Give each other space.
If things ever get too heated, or a topic snowballs, we just go to separate rooms, go see a movie, or drive around a little bit. Sometimes, especially as a woman, we want to fix things NOW. We want to connect and talk about things until they are resolved. This is not the best thing to do until both of you are in the right mindset to do that. After each of you has had time to process and calm down, then you can either drop the subject or talk about it with a clearer head. So, don’t be afraid of space…embrace it.
Listen to understand your partner before speaking.
This is actually a tool our counselor taught us. A lot of times couples go about conflicts completely wrong. They try to first fix an issue and then connect with each other. The problem with this is that they never get past the trying to fix the issue part!
What is best is to reverse that scenario and connect first. Listen to understand each other first before speaking by letting your partner know you validate and understand their feelings. Once your partner has nothing else to say, then you can dive in with your thoughts and feelings.
The idea behind this method is that when both parties feel heard, then sometimes the issue dissolves or is no longer important.
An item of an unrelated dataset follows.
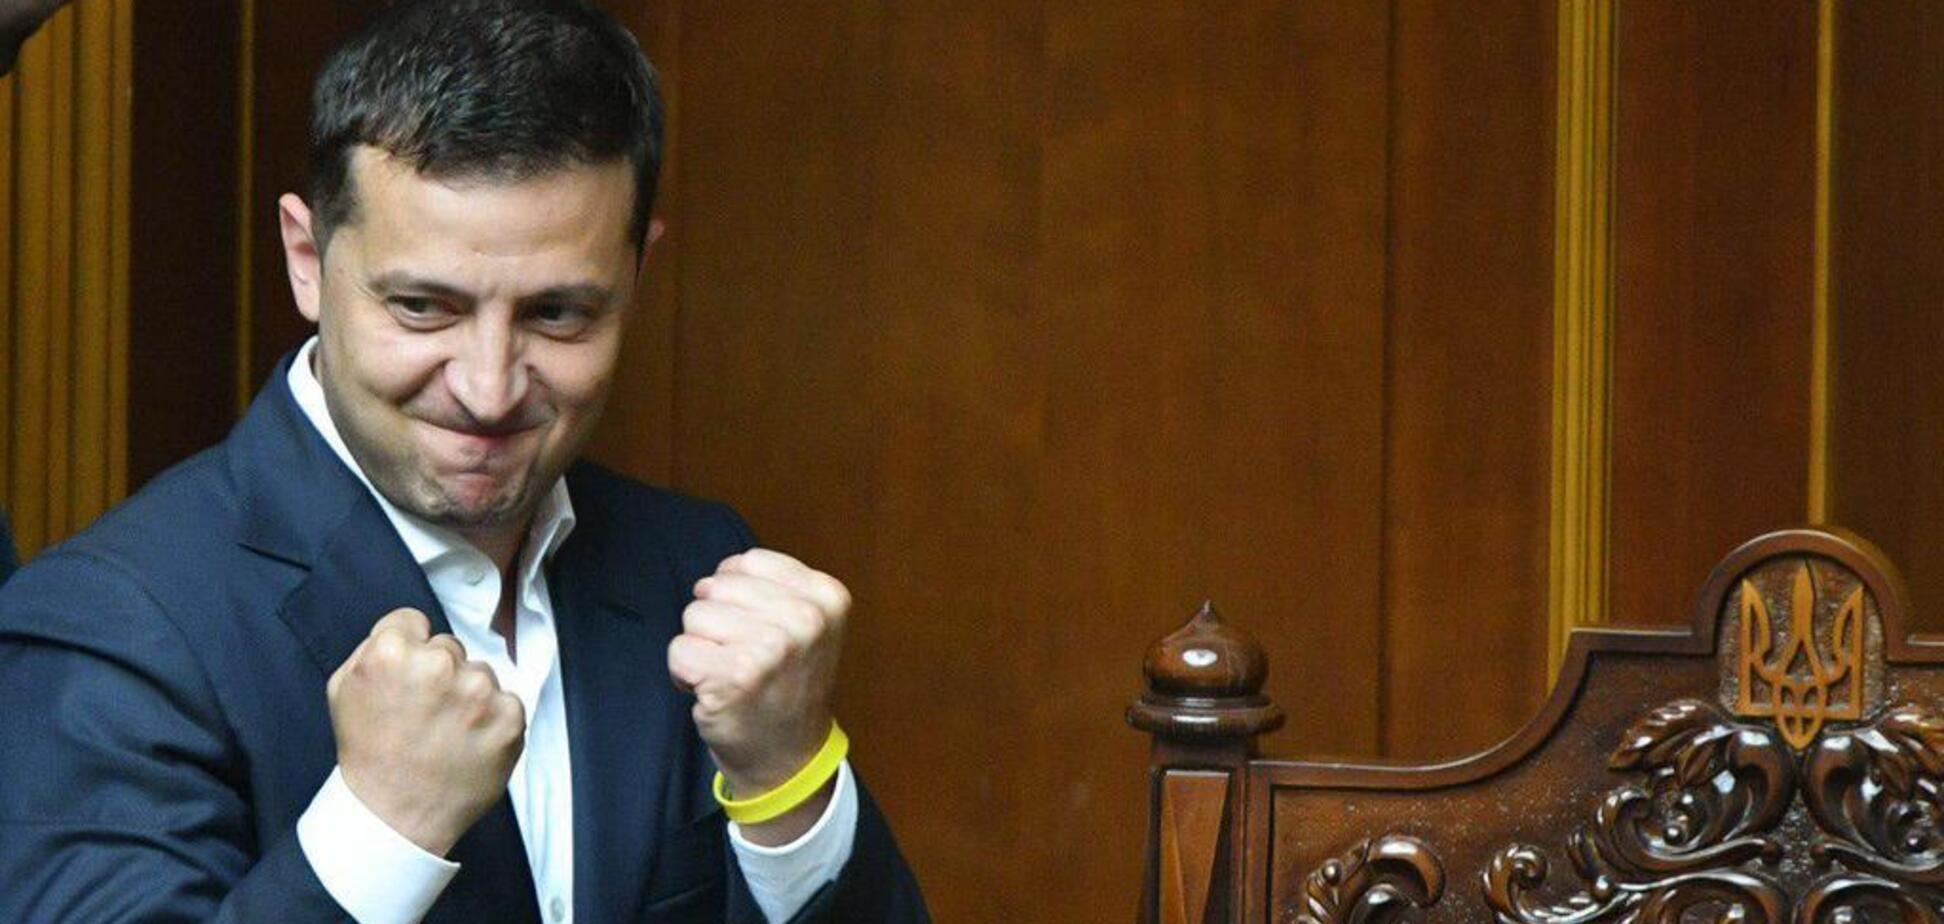 Зеленський повернув кримінальну відповідальність за незаконне збагачення: у чому суть

If it is still important after that, the both of you are more likely to come up with a compromise or solution in a healthy manner.
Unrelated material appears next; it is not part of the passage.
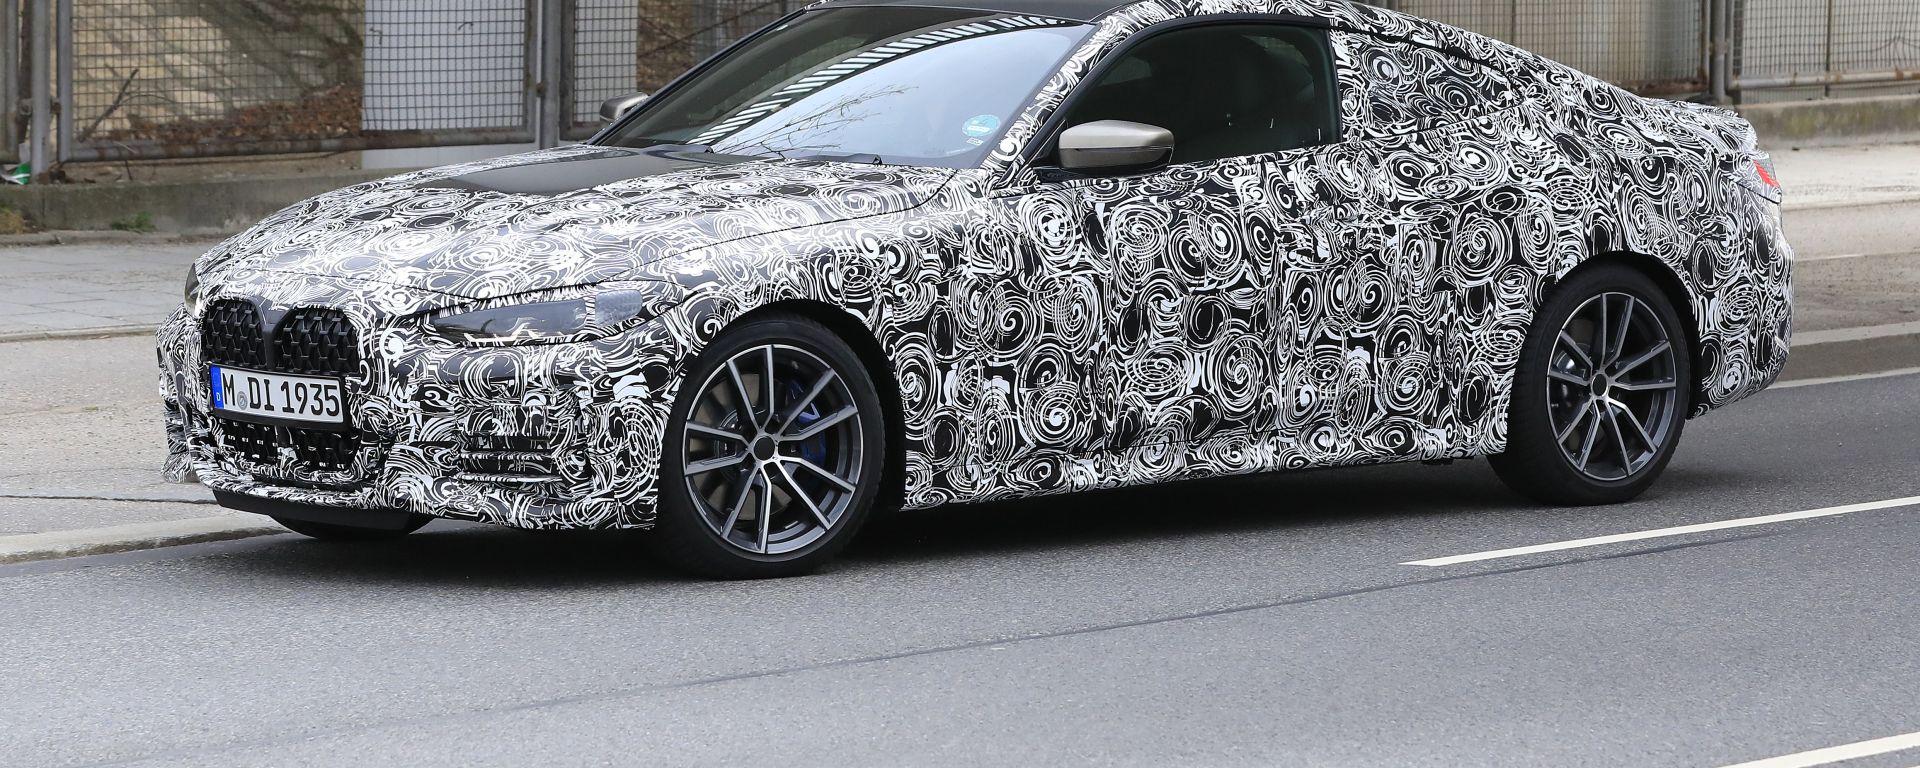 Nuova BMW Serie 4 Coupé: confermata la maxi clandra

Duh, go on dates! Just because you are married does not mean you suddenly give up and stop the romance. Make it a priority to have one date night a week on the days you have your stepkids, and try to make the most of reconnecting on the days without them. This will help fortify your connection with each other and replenish your love bank. My hubby and I like to go to the movies, our favorite restaurants, and anything that involves live music such as concerts or festivals.
Just recently, a friend told us about a website called TheDatingDivas.com, which has some really cool date ideas and date night kits to purchase. Chris and I just bought a year of Sports-Themed Dates from the site. We will let you know how it goes! We purchased a date night kit from Amazon that we have already tried and love called Wine and Paint Night at Home. While we have been to a few wine and painting classes, we decided to DIY it at home! We bought a bottle of wine, made some pretty cool paintings together, and then we were in the mood to make something else pretty fun later on!
Have patience…lots and lots of patience
It takes time to form new habits and change learned reactions and behaviors. Be patient with each other on your journey to better your marriage and communication. I guarantee the both of you will mess up a lot! The only thing that matters is that you and your spouse put in the effort and your marriage first.